La mémoire sémantique musicale (musiques que l’on connaît) pour les connaissances anciennement acquises semble relativement bien préservée dans le vieillissement. Il est cependant peu aisé de la comparer à d’autres domaines, car il est particulièrement difficile de contrôler le nombre d’expositions à ces différents stimuli au cours de la vie. Dans la MA, les performances semblent variables selon la tâche utilisée (et selon les individus). D’une manière générale, le sentiment de familiarité pour un extrait connu est préservé, mais les connaissances qui y sont associées (titre, auteur, etc.) sont altérées. Ces données sont cohérentes avec les évaluations de la mémoire sémantique dans le domaine non musical chez ces populations.

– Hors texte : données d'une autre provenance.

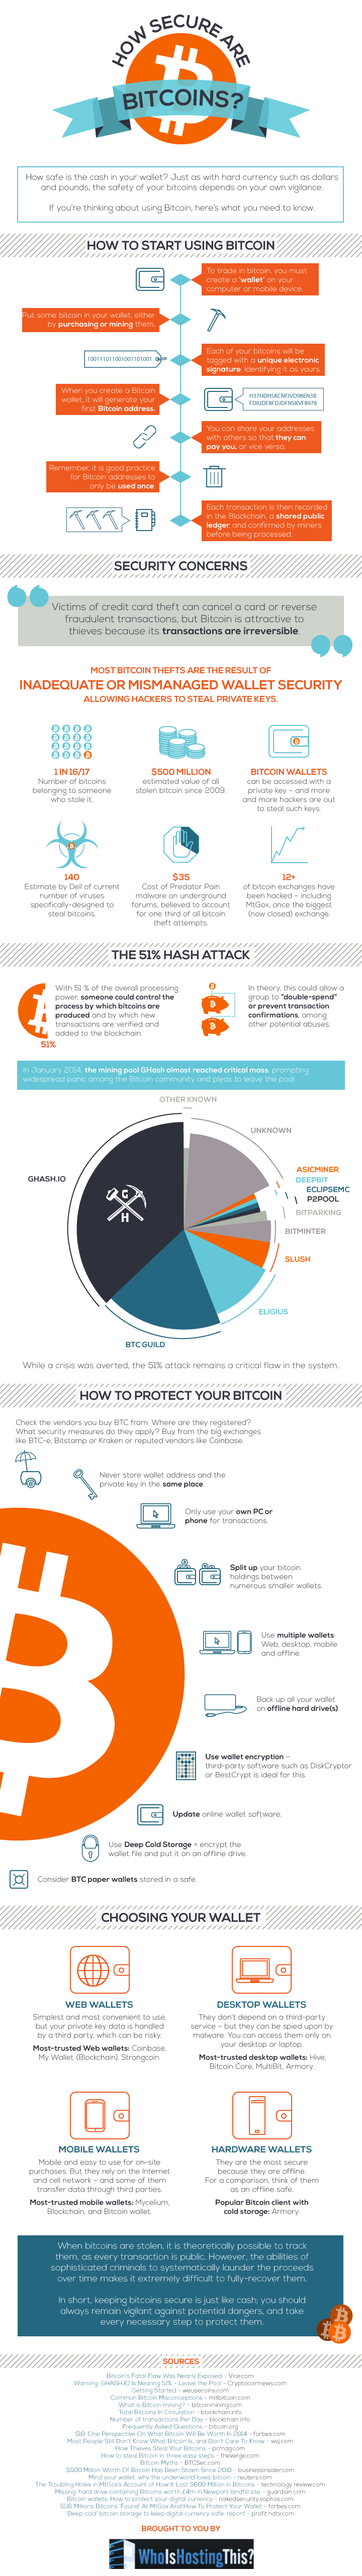 how to get started with bitcoin infographic
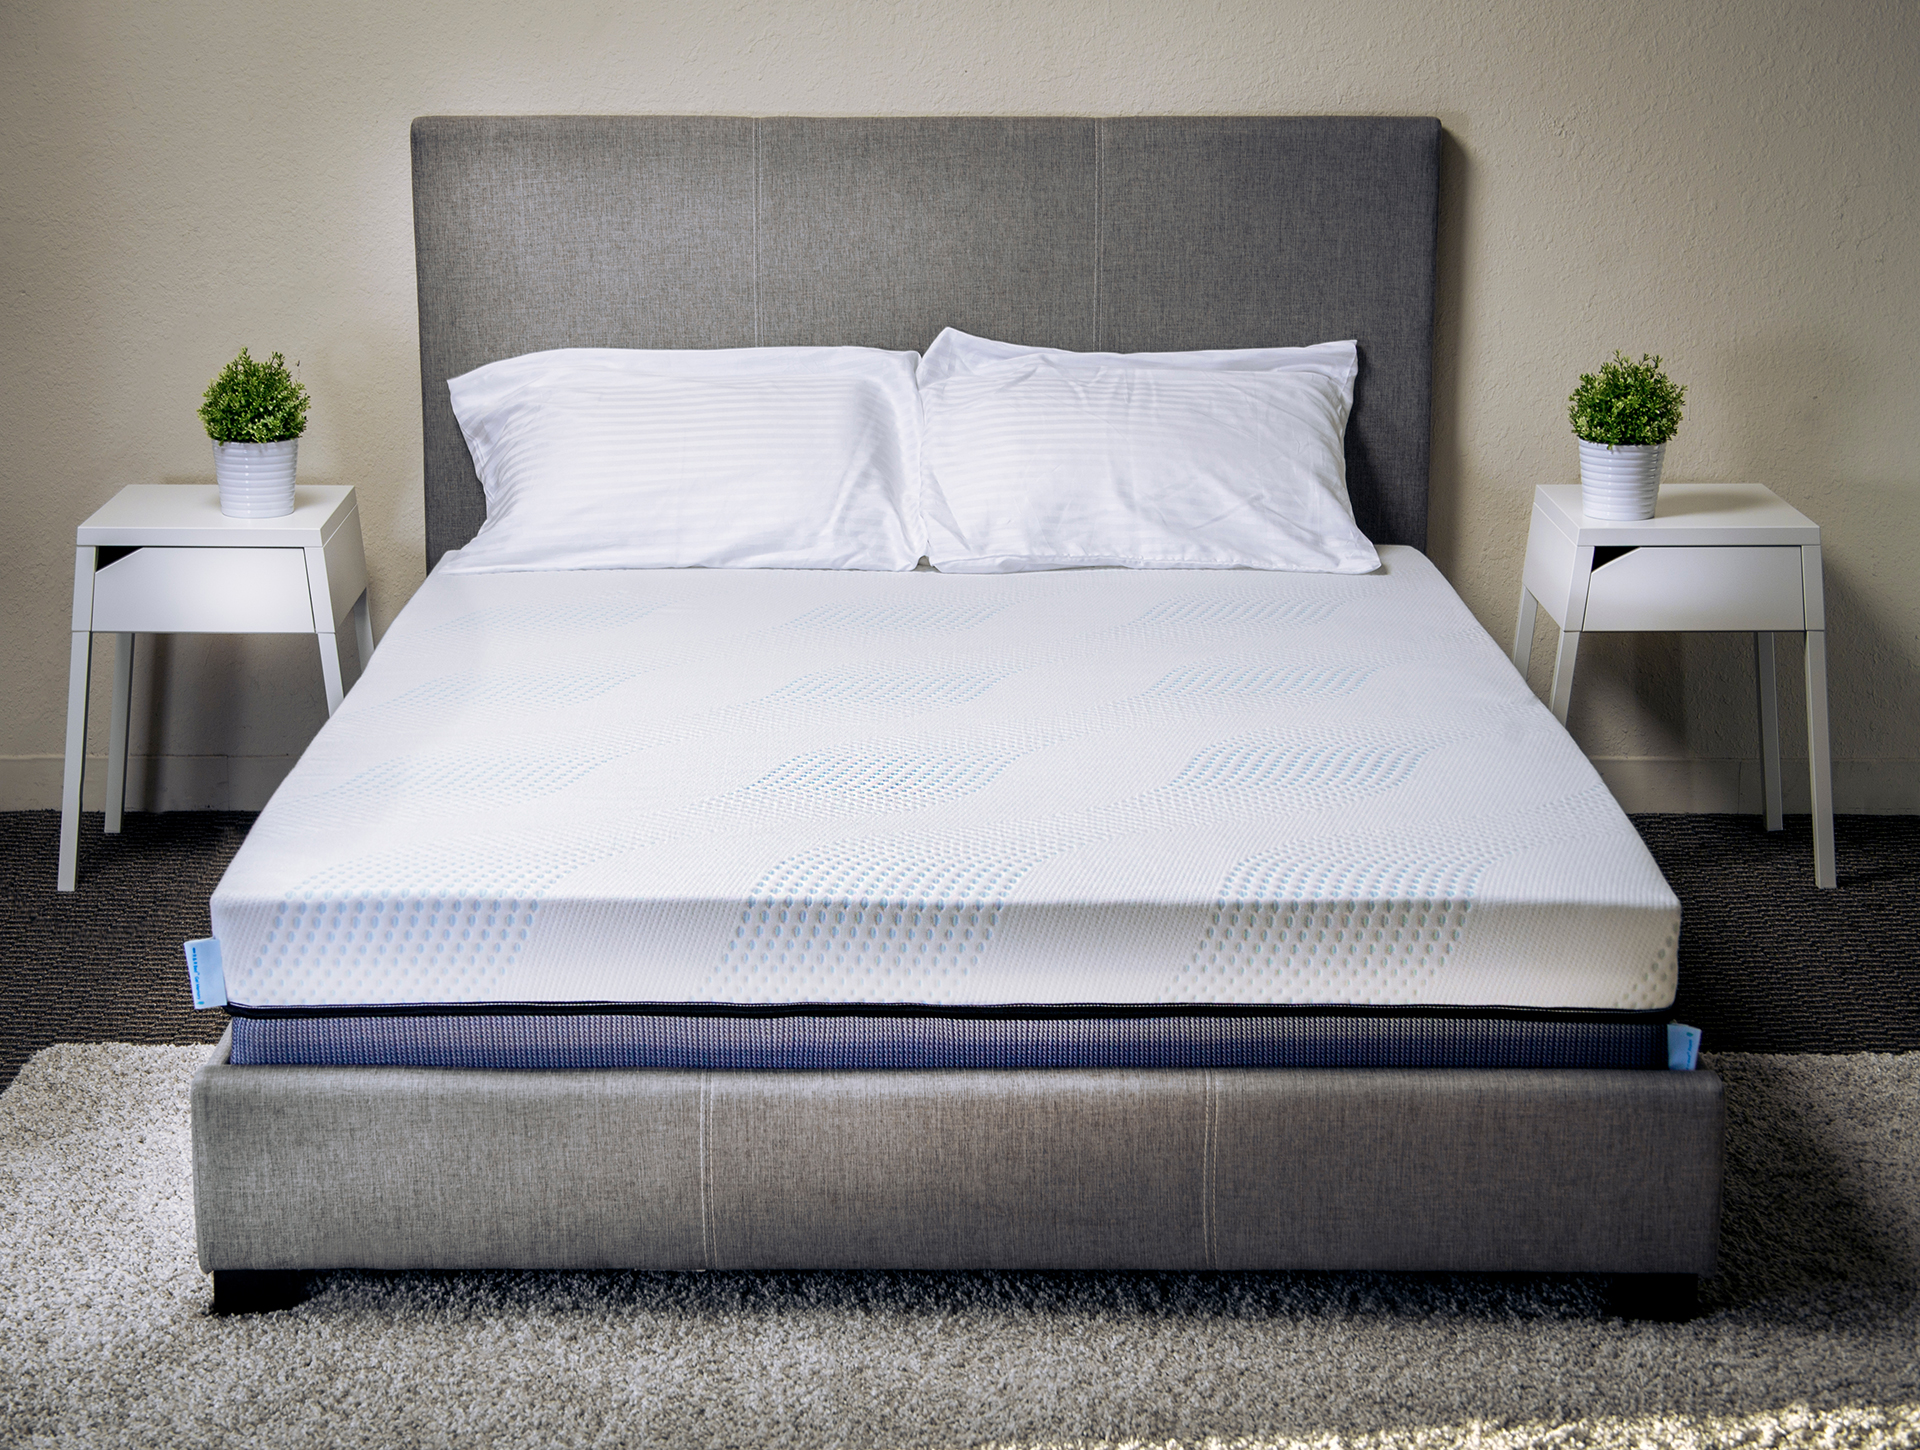 New Versatile 8-in-1 Flippable Mattress Set to Disrupt Bed-in-a-Box ...

Les liens entre la mémoire sémantique musicale et la mémoire autobiographique restent à préciser, dans le vieillissement comme dans la démence. Il semble aujourd’hui que l’évocation de souvenirs autobiographiques à l’écoute de mélodies familières se fasse à un niveau plutôt général que spécifique, et dépende davantage d’un effet d’éveil ou de régulation d’anxiété que d’un lien associatif entre un morceau musical et un événement de vie.

Les capacités de formation de nouvelles connaissances musicales (non procédurales) semblent suivre un continuum jeune / âgés / patients lorsque l’apprentissage est effectué sur un mode explicite (bien que certaines études montrent des performances équivalentes aux jeunes pour les âgés sains). Ces habiletés apparaissent comme préservées lorsque l’apprentissage emprunte des voies de mémorisation plus implicites, dans le vieillissement d’une part, et possiblement dans la MA d’autre part. La meilleure préservation pour les apprentissages implicites chez des personnes présentant une altération de la mémoire déclarative (explicite) a souvent été mis en évidence pour du matériel non musical. Cependant, en comparant la mémoire implicite – après expositions multiples – pour du nouveau matériel verbal versus musical, une étude a montré que le sentiment de familiarité apparaît plus rapidement pour des stimuli musicaux que verbaux et est mieux maintenu dans le temps, même après plusieurs mois, chez des patients MA au stade modéré à sévère (Samson et al., 2009). Ainsi, si la mémoire musicale peut montrer une meilleure robustesse que la mémoire pour d’autres types de matériel, cela pourrait résider dans la formation d’un sentiment de familiarité en mémoire sémantique. Les prochaines études devront confirmer ces observations et expliquer comment les représentations mnésiques peuvent être formées plus efficacement pour du matériel musical. La composante émotionnelle jouerait peut-être un rôle important dans ce mécanisme.

Pour résumer, la mémoire musicale semble reposer sur les mécanismes mnésiques généraux, et est donc différemment altérée selon les formes de mémoire et le profil de dégradation cognitive. Cela explique qu’elle soit différemment atteinte selon les formes de démence (Omar et al., 2010). Cependant, le matériel musical se distingue possiblement des autres types de stimuli en ce qui concerne la formation des nouvelles connaissances, non pas parce que la musique serait traitée par un système de mémoire spécifique, mais parce que ses caractéristiques (notamment émotionnelles) résonneraient adéquatement avec les mécanismes de formation d’un sentiment de familiarité. Cette caractéristique peut conférer à la musique un rôle important dans un apprentissage associatif, où elle servirait de support à l’acquisition d’autres informations. L’utilisation de la musique comme moyen mnémotechnique est abordée dans le chapitre suivant à travers une revue de littérature dans les populations jeune, âgée et atteinte de démence.